::: Given records

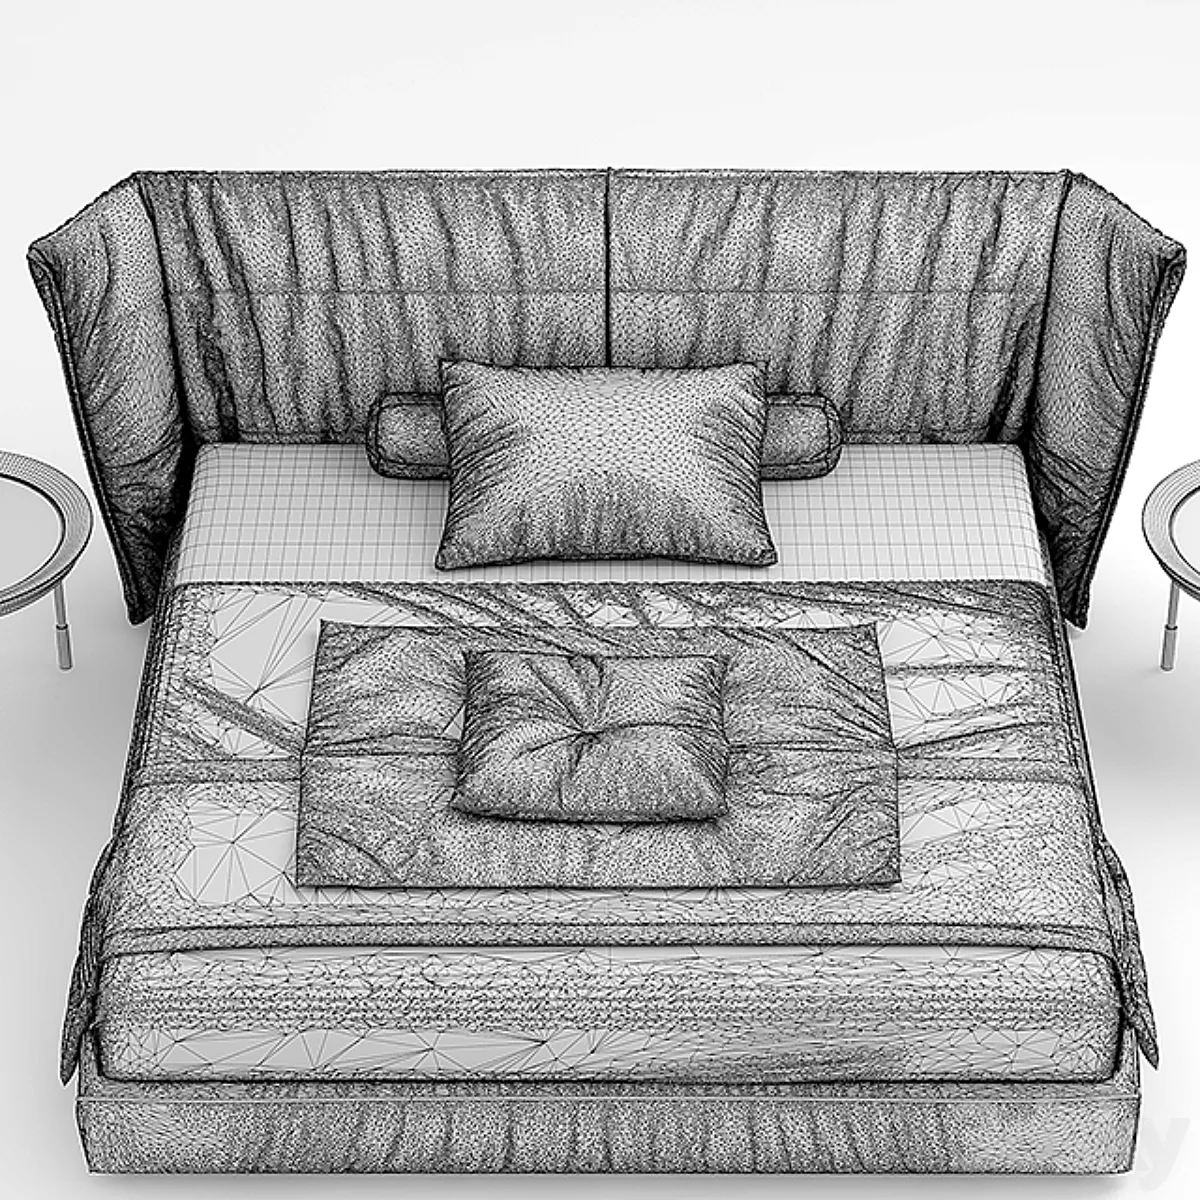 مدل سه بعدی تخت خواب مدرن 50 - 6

::::::
::: Given records

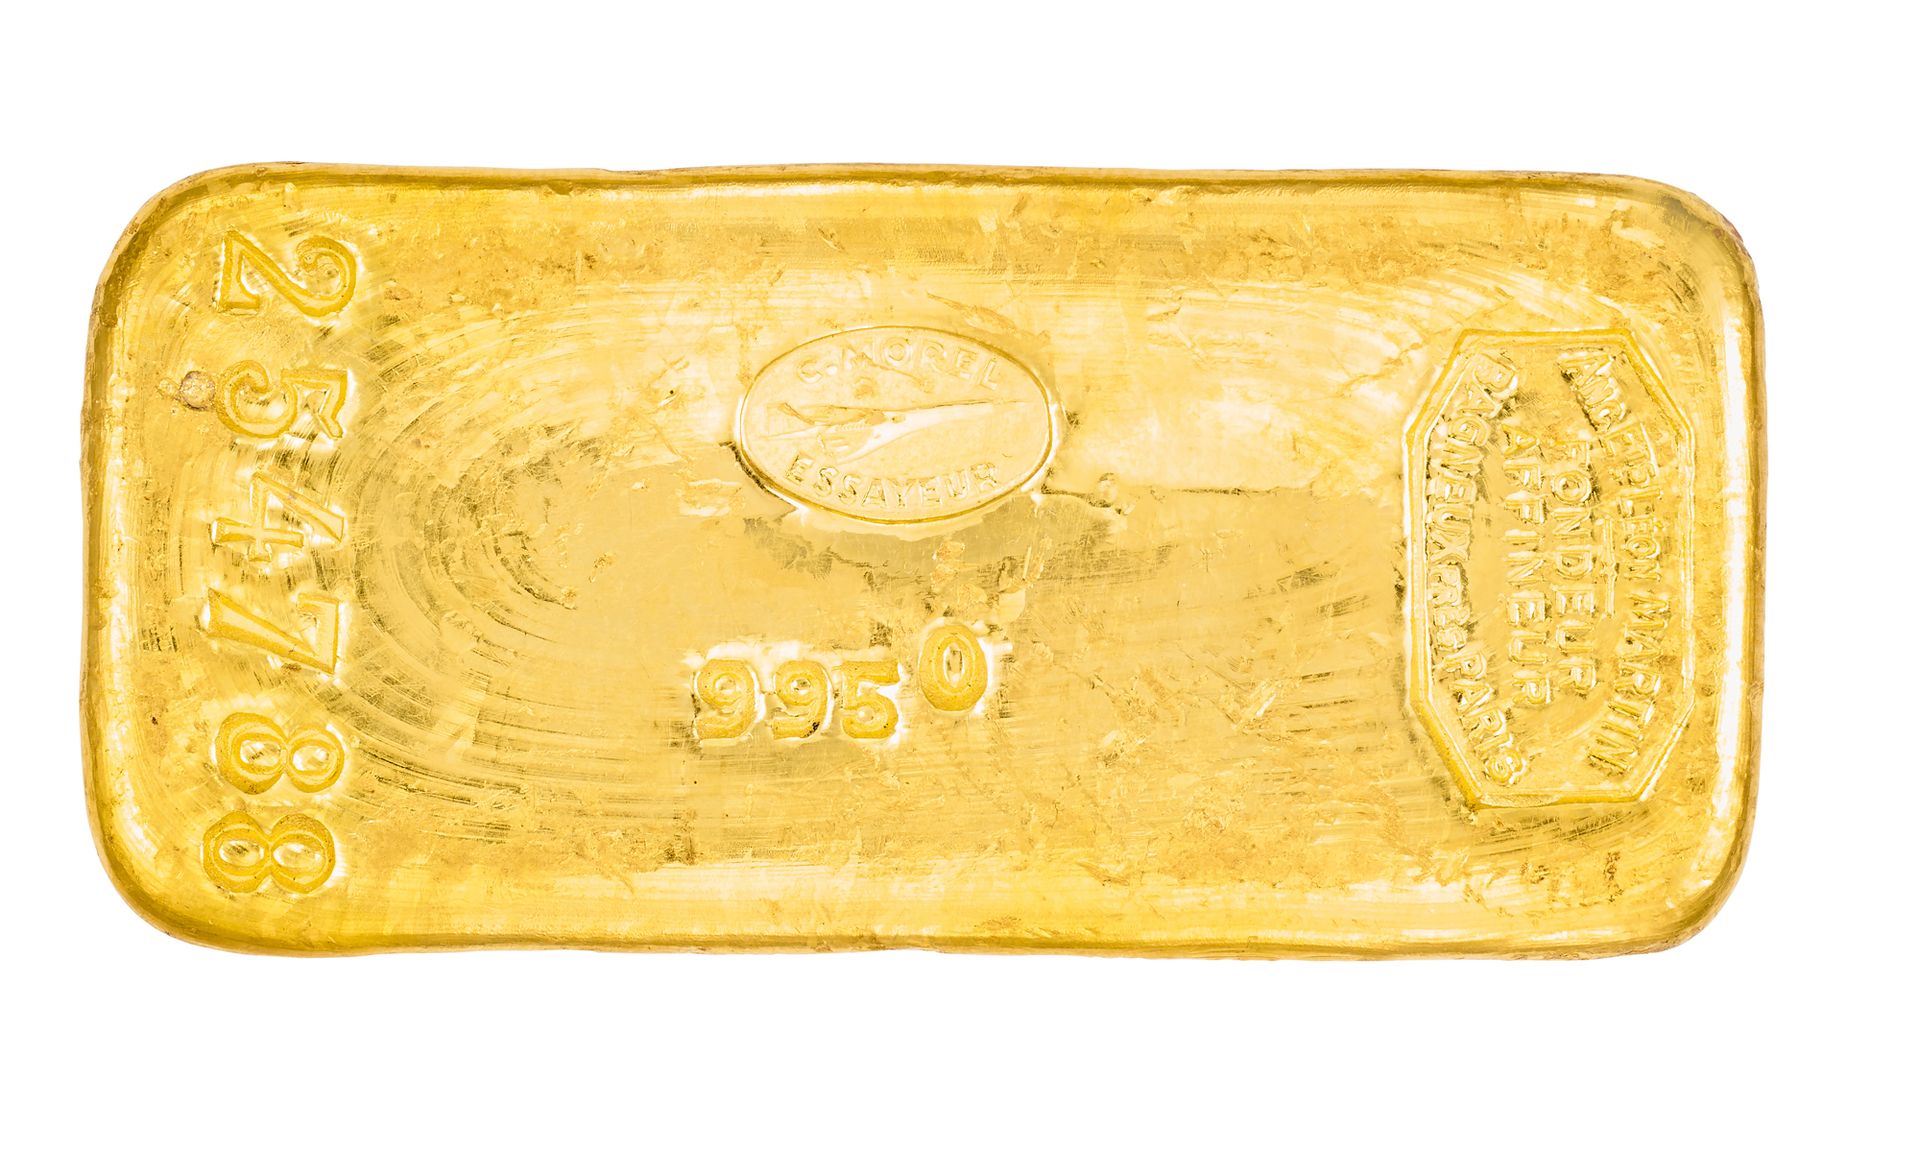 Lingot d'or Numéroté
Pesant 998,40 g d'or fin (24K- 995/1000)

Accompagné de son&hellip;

::::::
::: Given records

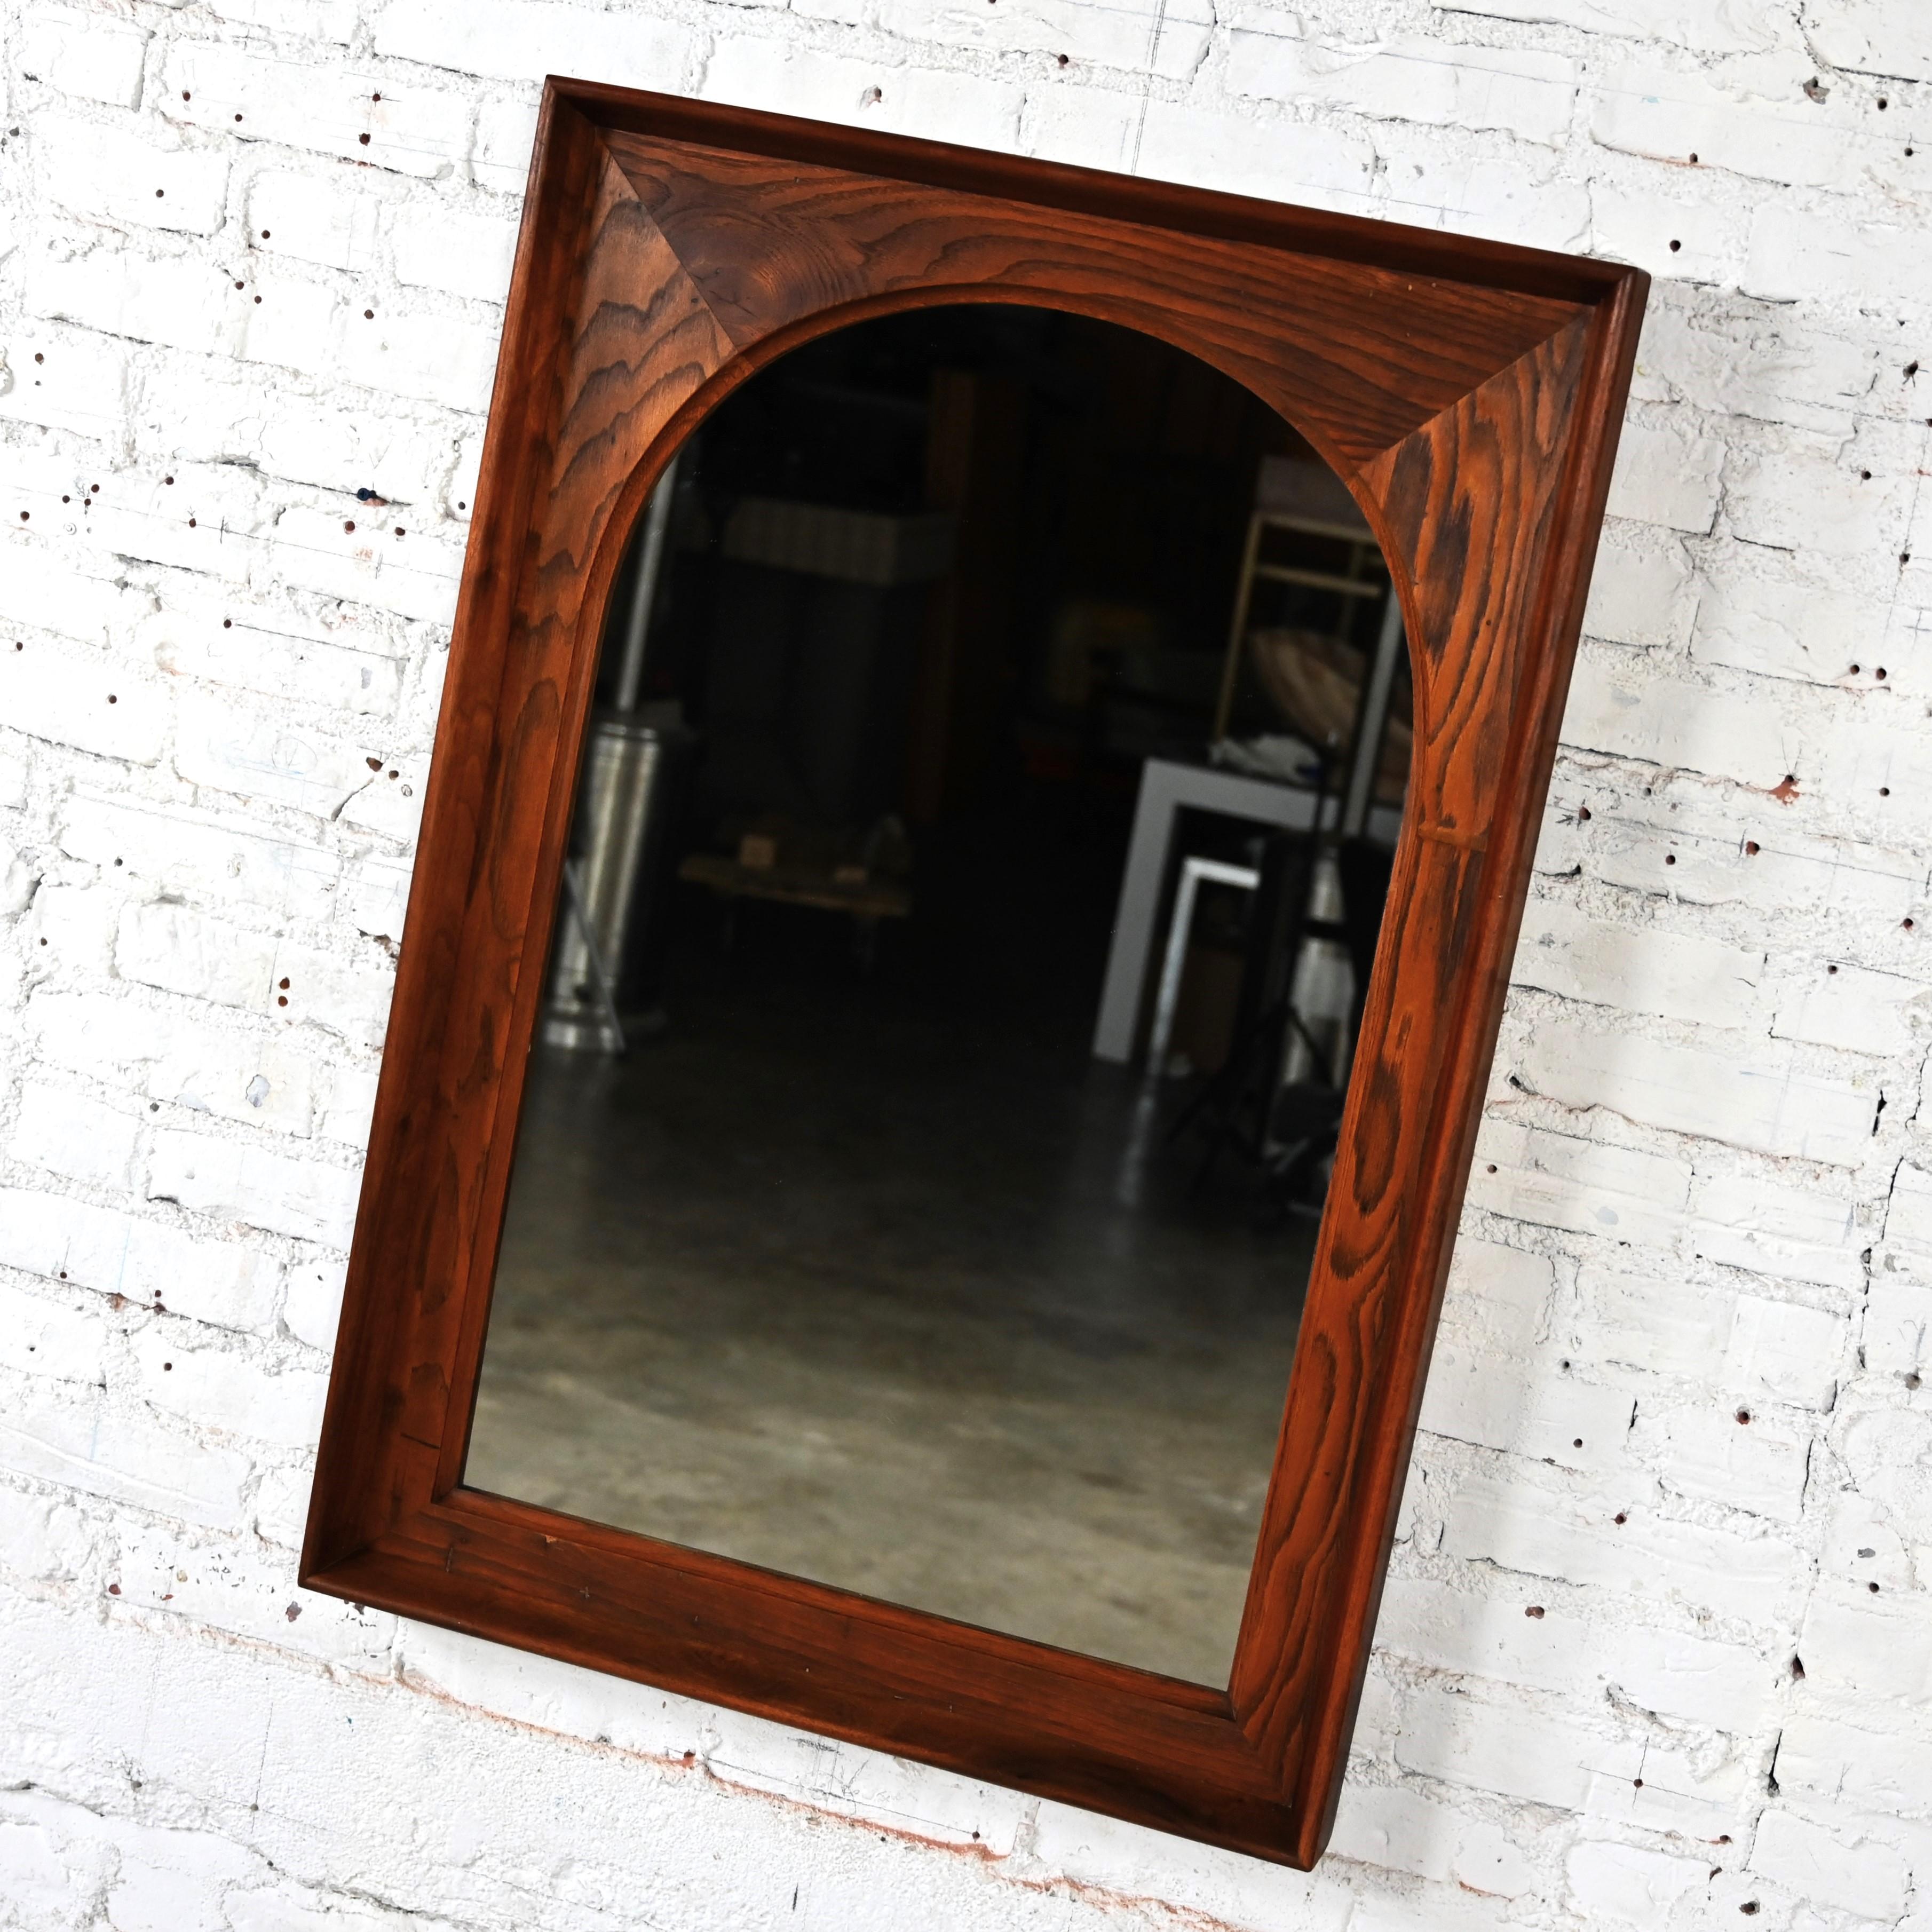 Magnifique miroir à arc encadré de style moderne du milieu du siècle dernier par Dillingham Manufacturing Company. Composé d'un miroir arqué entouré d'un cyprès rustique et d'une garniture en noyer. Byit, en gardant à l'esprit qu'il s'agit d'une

::::::

§ Try it: Could you reproduce exactly the lines of the entries above, from the one with "Pesant 998,40 g d'or fin (24K- 995/1000)" through the one with "Accompagné de son&hellip;", and nothing else?

§ Output of the exercise:
Pesant 998,40 g d'or fin (24K- 995/1000)

Accompagné de son&hellip;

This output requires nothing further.